Hugh Segal was an ambitious student at Queen’s University [UPDATE: Swing and a miss. It was the University of Ottawa, where he studied to improve his French — pw] when Pierre Trudeau invoked the War Measures Act in 1970. Support for that move was overwhelming, as support for governments that seek to impose order in the face of surprise often is. But young Segal published a pamphlet decrying this use of the Act on civil-liberties grounds. It was a rare and, for all he knew, career-limiting move. But it marked Segal as somebody with a moral core.
Herrndorf used to promote people, within each of the shops he ran, who seemed on paper to be precisely the wrong sort of people to promote. He just followed his gut. It rarely betrayed him.
Spicer became Canada’s first commissioner of official languages in 1970, not quite 36 years old. “I wasn’t sure then if I’d leave by reason of scandal, ulcers, impeachment, or assassination,” he wrote later. “The early signs did not, as the Marxists used to say, augur singing tomorrows.”
Their generation made a hash of things as often as they helped. The Ottawa and Montreal and Toronto where they made their careers were too clubby, too often built on access and connections. I don’t want to romanticize them even now, although who am I kidding, that’s obviously what I’m doing.

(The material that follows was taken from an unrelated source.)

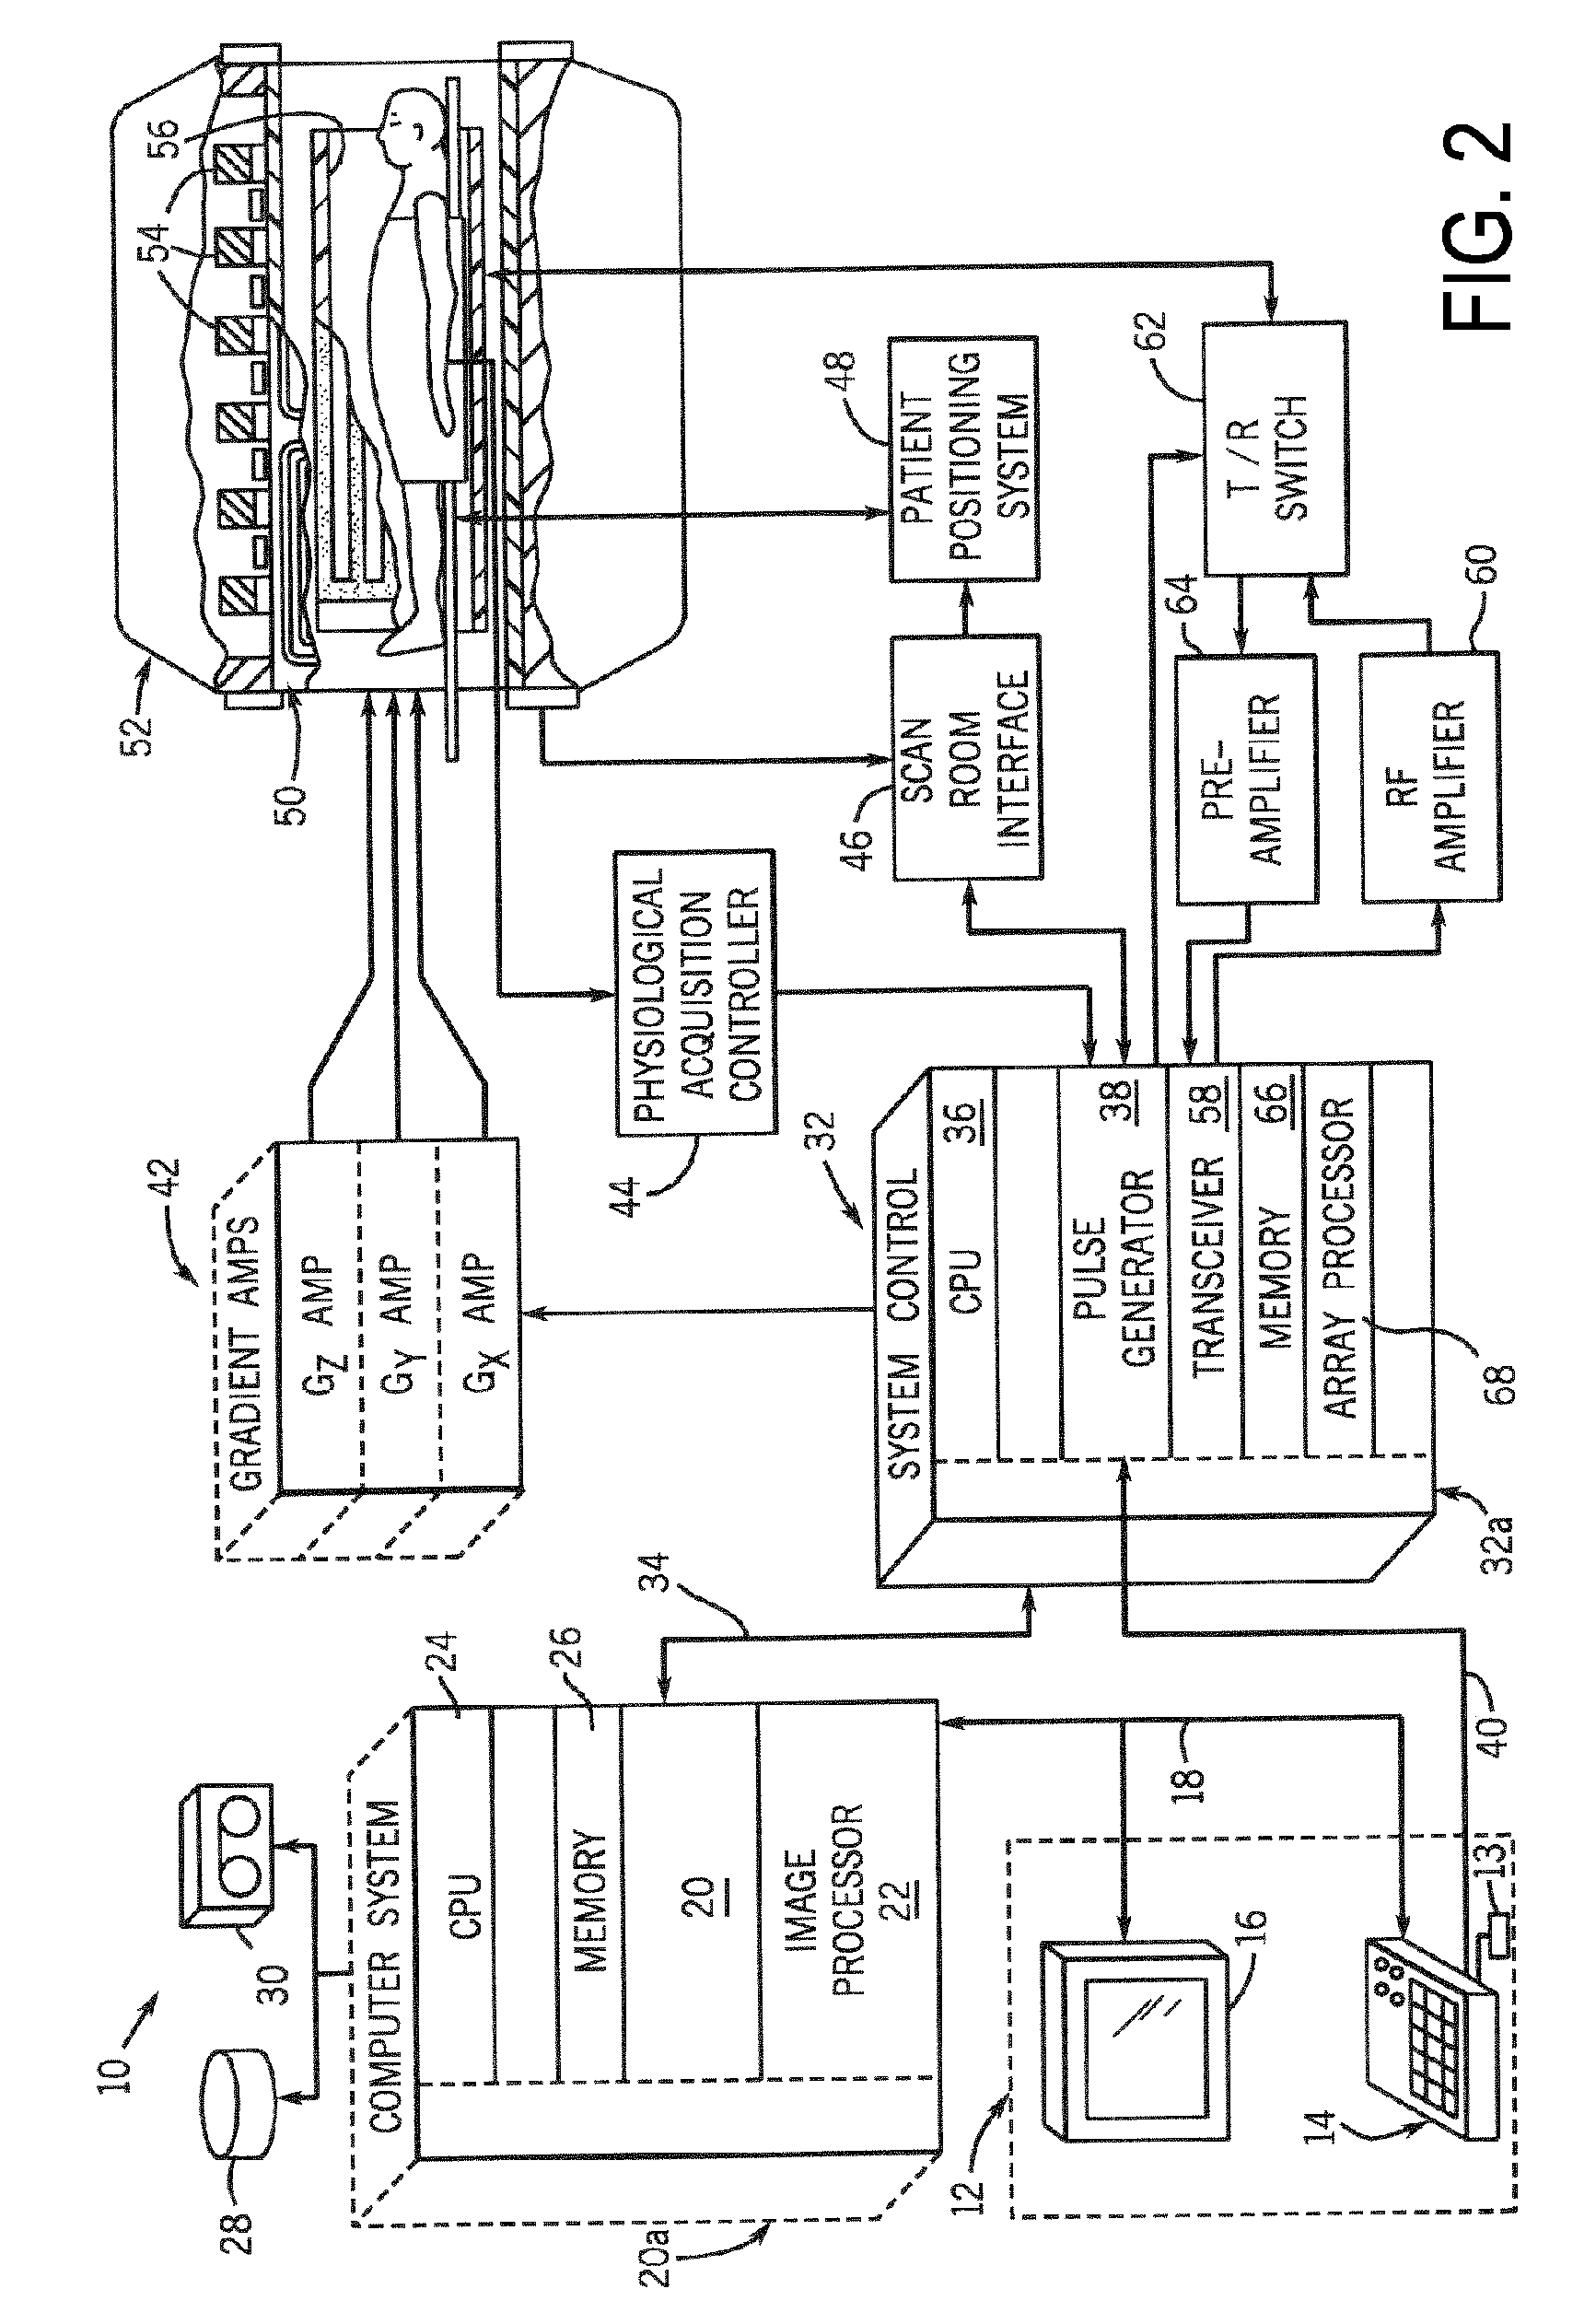 Apparatus and method of simultaneous fat suppression, magnetization transfer contrast, and spatial saturation for 3D time-of-flight imaging

But their conversations, remembered or recorded, sound more like conversations than what we hear today. Their actions seem more often to have been the product of autonomous decision-making. They didn’t have access to the very best in modern communications theory, so they were stuck listening and thinking and talking and doing. This made them different, and I think in important ways luckier, than a later generation of could-have-been leaders who have real things to contribute but are too often condemned to stand behind a prime minister and nod:
That was harsh. Sorry. But yes, at the end of this summer, I can’t stop thinking about what’s been lost, and wondering how to get it back. Autumn can be like that.
I don't think your last observation was harsh at all! I have often wondered why people, especially supposedly smart people, would put up with being wallpaper bobbleheads standing as a backdrop to someone else. Is the person speaking so unsure of themselves that they need the moral support of all those people? Or are the bobbleheads without pride or shame (if they are doing it to curry favour). It lowers my opinion of both the speaker and the wallpaper. It is, unfortunately, all the rage...
This was exactly what I was hoping to read from Paul - not obituaries per se, but a capture of the times that are passing, and the impact that current leaders could have, if they were only minded by these higher callings (or...values? missions? devotions?). Thank you Paul!